▸ **Instructions to follow**:
Look below for the line with "Downward Dog Collar" and the line with "Eine grüne Schlange"; repeat exactly those two lines and all lines between them, but no pictures.

▸ **Data for review**:
== Segment start ==
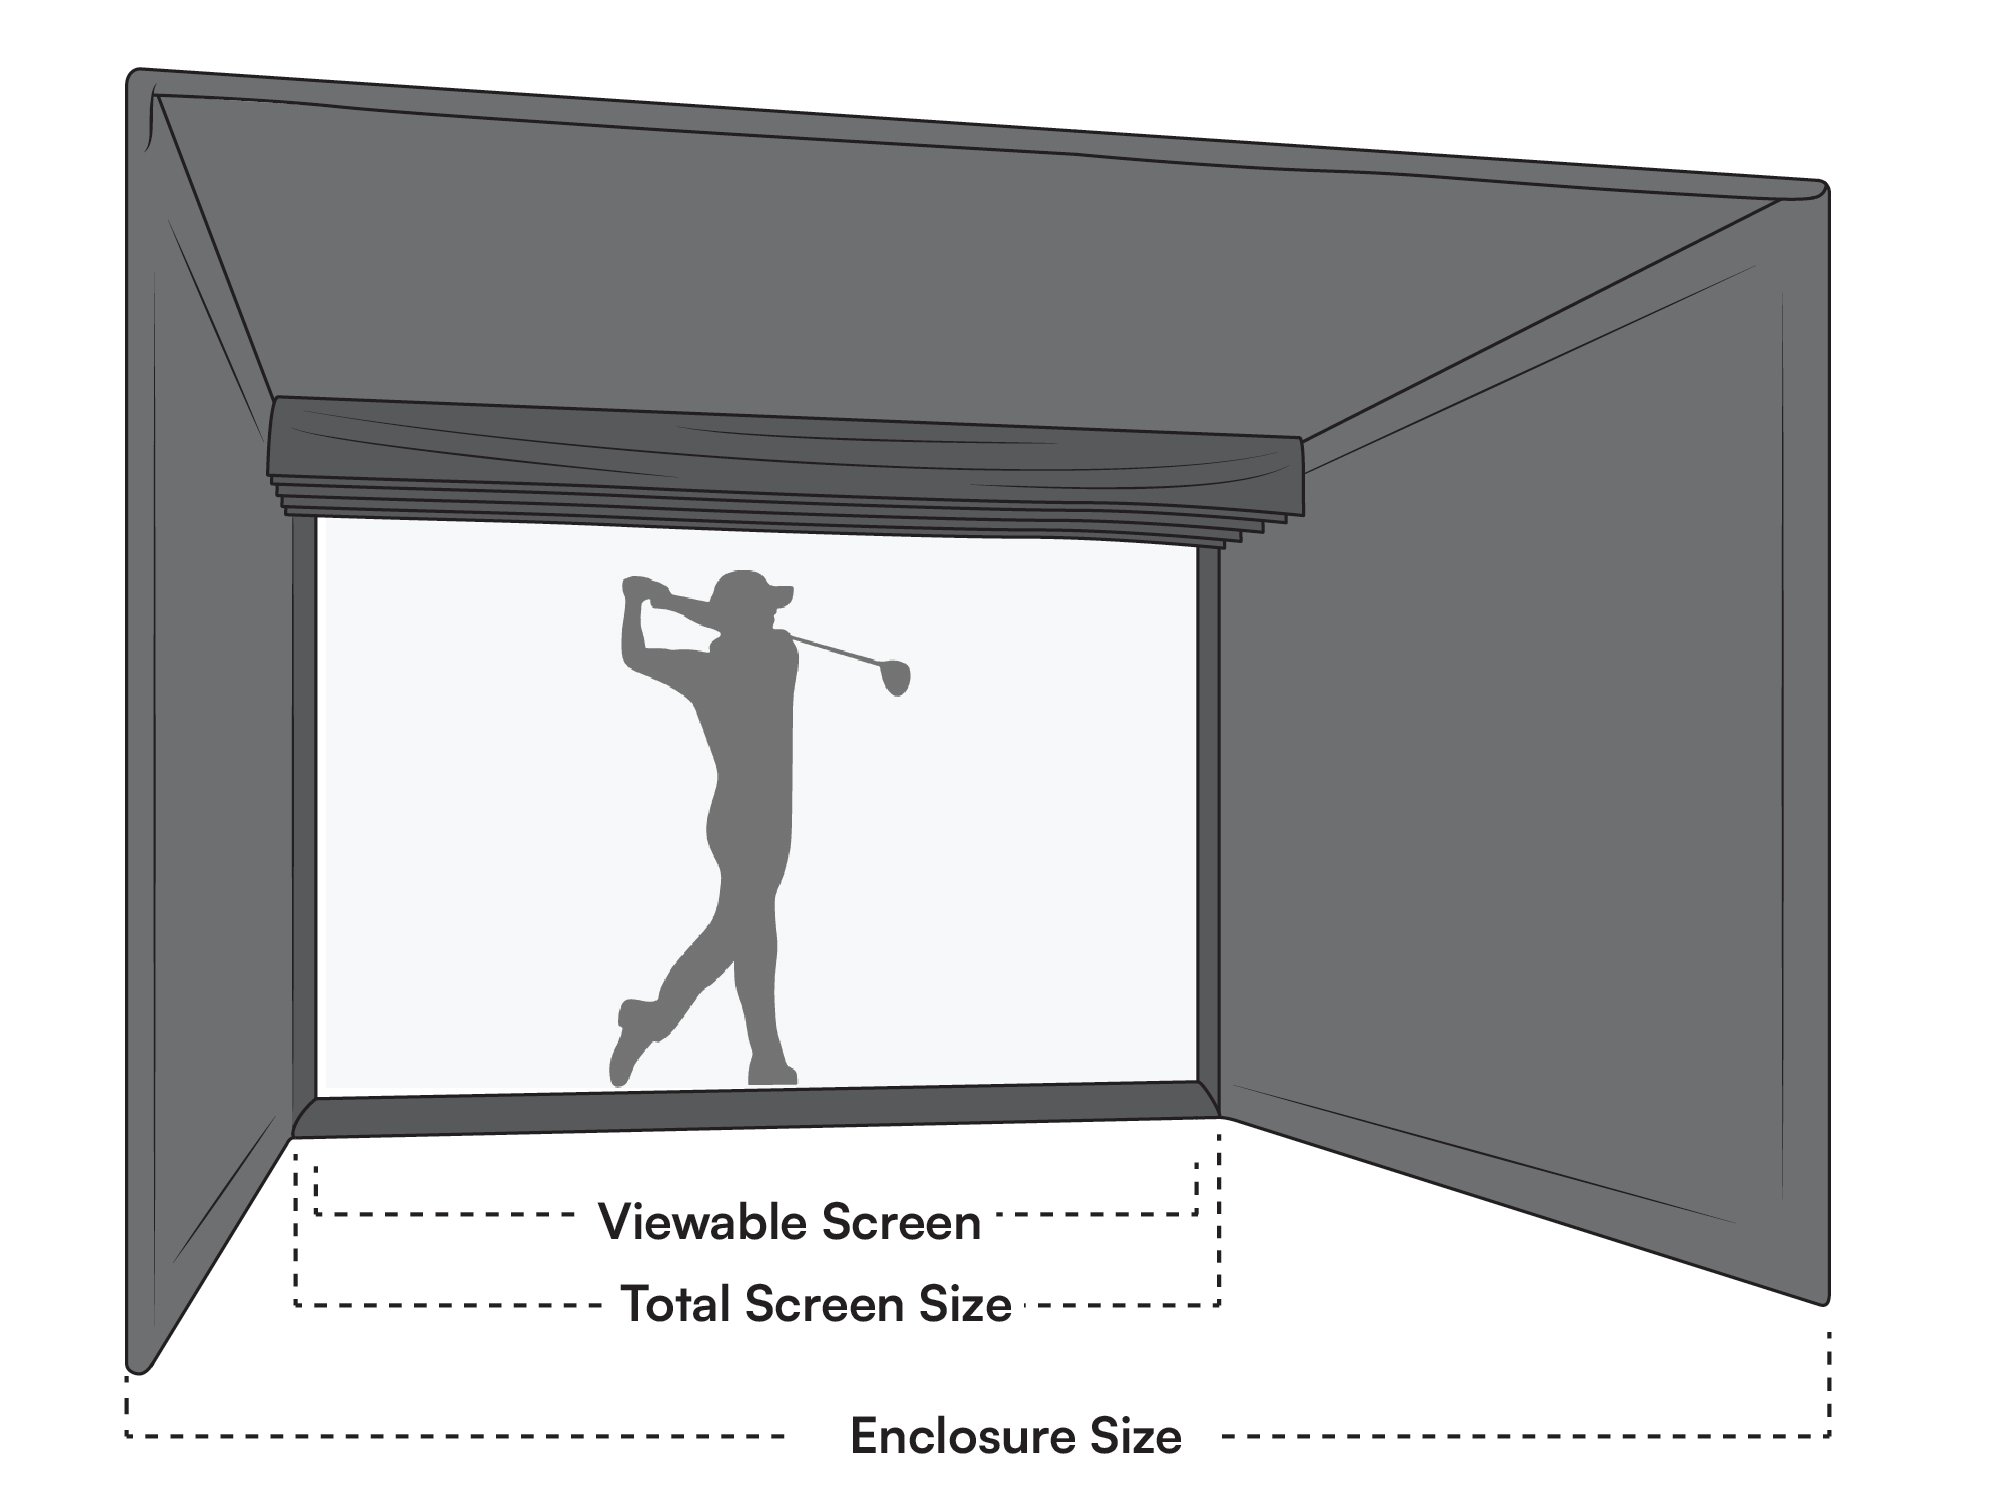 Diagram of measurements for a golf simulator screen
== Segment end ==
== Segment start ==
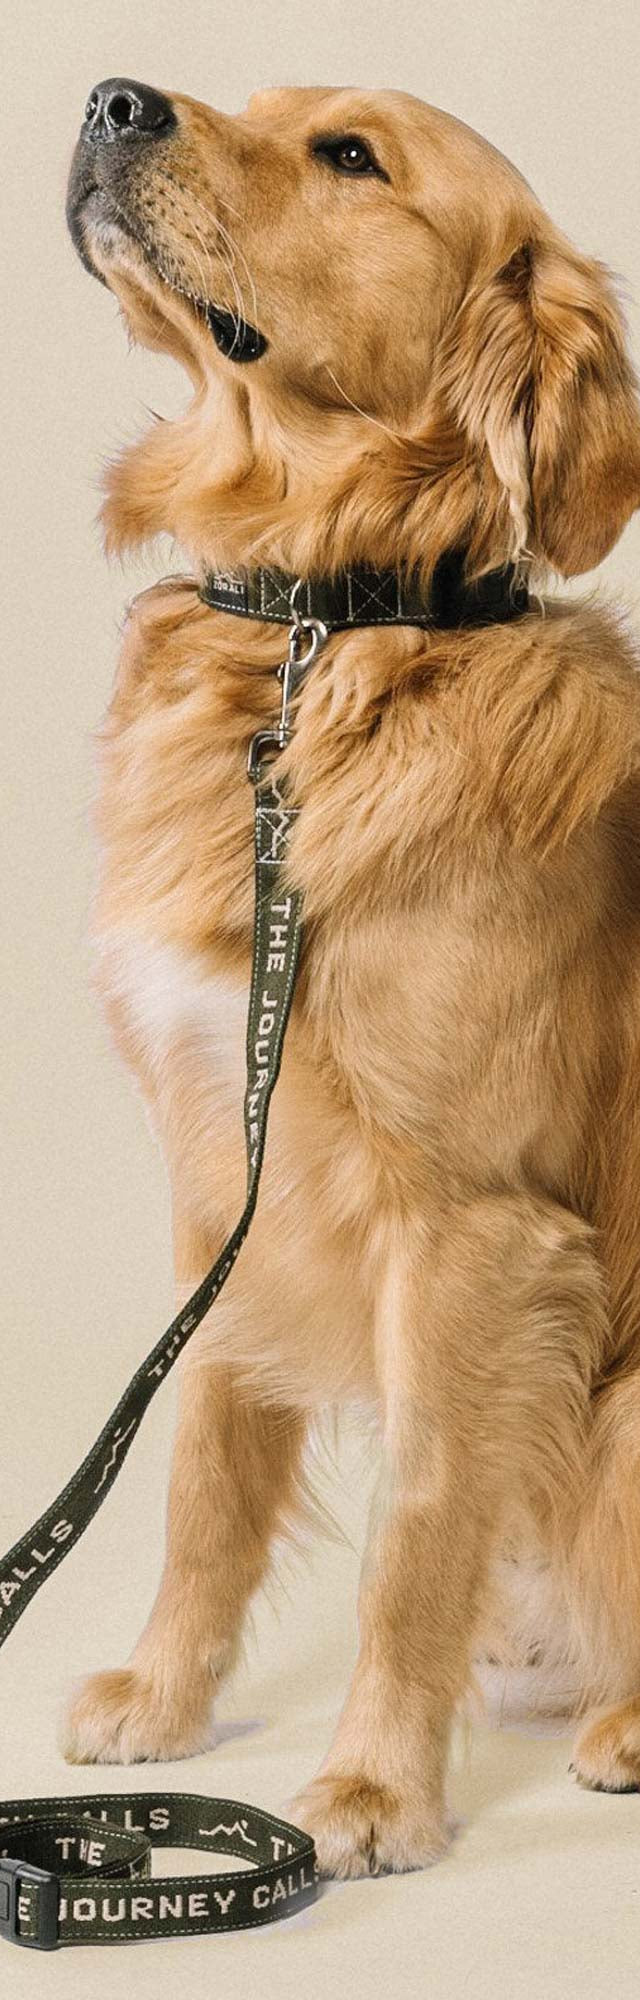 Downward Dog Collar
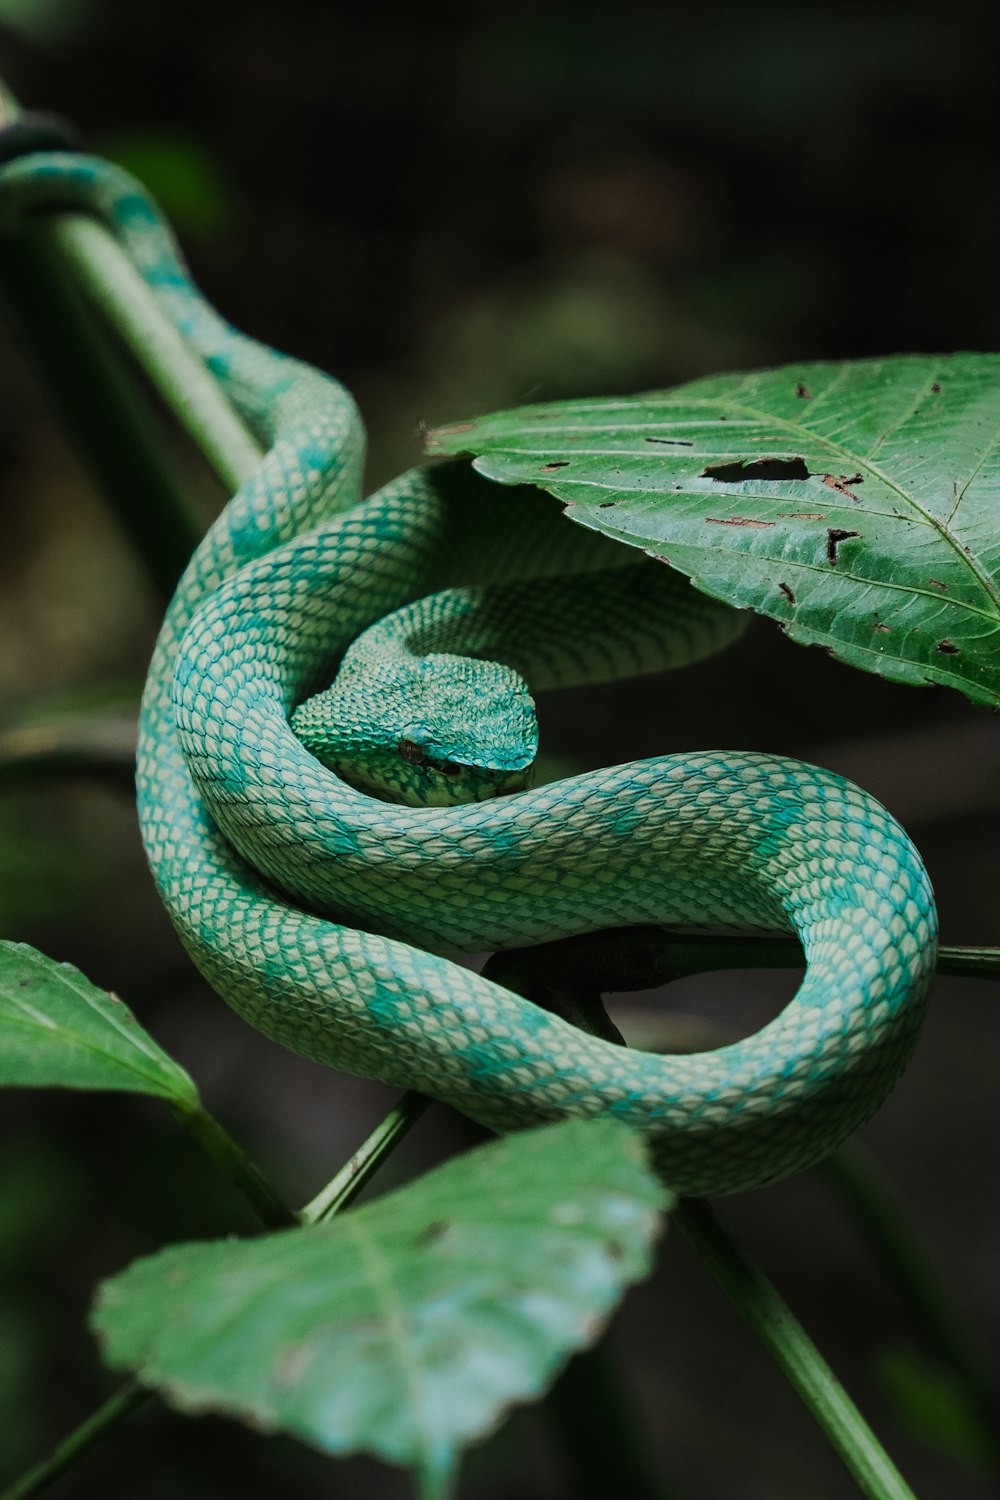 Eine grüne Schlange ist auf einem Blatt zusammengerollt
== Segment end ==
▸ **Solution for this exercise**:
 Downward Dog Collar
 Eine grüne Schlange ist auf einem Blatt zusammengerollt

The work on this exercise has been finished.